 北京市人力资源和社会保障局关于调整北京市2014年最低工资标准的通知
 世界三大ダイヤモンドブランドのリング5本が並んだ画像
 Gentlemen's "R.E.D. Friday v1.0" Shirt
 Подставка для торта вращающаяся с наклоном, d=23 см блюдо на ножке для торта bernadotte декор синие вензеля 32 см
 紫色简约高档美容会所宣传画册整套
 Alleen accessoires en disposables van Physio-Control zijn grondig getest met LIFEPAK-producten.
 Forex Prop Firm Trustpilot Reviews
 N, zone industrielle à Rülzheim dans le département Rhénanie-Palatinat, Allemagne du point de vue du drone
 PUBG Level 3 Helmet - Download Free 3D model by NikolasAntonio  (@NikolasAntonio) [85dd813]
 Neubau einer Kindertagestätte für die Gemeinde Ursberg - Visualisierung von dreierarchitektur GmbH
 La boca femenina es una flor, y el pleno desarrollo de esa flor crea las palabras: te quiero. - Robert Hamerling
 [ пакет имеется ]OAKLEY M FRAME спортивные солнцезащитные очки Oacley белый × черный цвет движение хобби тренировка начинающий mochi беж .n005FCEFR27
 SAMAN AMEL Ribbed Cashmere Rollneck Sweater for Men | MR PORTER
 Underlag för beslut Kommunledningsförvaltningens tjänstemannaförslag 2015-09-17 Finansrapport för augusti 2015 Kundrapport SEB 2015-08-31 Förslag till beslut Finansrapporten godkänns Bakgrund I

◆ ◆ ◆ ◆ ◆ ◆ ◆

**WHAT TO DO**
From the first line to the last, reproduce the material word for word.

**YOUR RESPONSE**
 北京市人力资源和社会保障局关于调整北京市2014年最低工资标准的通知
 世界三大ダイヤモンドブランドのリング5本が並んだ画像
 Gentlemen's "R.E.D. Friday v1.0" Shirt
 Подставка для торта вращающаяся с наклоном, d=23 см блюдо на ножке для торта bernadotte декор синие вензеля 32 см
 紫色简约高档美容会所宣传画册整套
 Alleen accessoires en disposables van Physio-Control zijn grondig getest met LIFEPAK-producten.
 Forex Prop Firm Trustpilot Reviews
 N, zone industrielle à Rülzheim dans le département Rhénanie-Palatinat, Allemagne du point de vue du drone
 PUBG Level 3 Helmet - Download Free 3D model by NikolasAntonio  (@NikolasAntonio) [85dd813]
 Neubau einer Kindertagestätte für die Gemeinde Ursberg - Visualisierung von dreierarchitektur GmbH
 La boca femenina es una flor, y el pleno desarrollo de esa flor crea las palabras: te quiero. - Robert Hamerling
 [ пакет имеется ]OAKLEY M FRAME спортивные солнцезащитные очки Oacley белый × черный цвет движение хобби тренировка начинающий mochi беж .n005FCEFR27
 SAMAN AMEL Ribbed Cashmere Rollneck Sweater for Men | MR PORTER
 Underlag för beslut Kommunledningsförvaltningens tjänstemannaförslag 2015-09-17 Finansrapport för augusti 2015 Kundrapport SEB 2015-08-31 Förslag till beslut Finansrapporten godkänns Bakgrund I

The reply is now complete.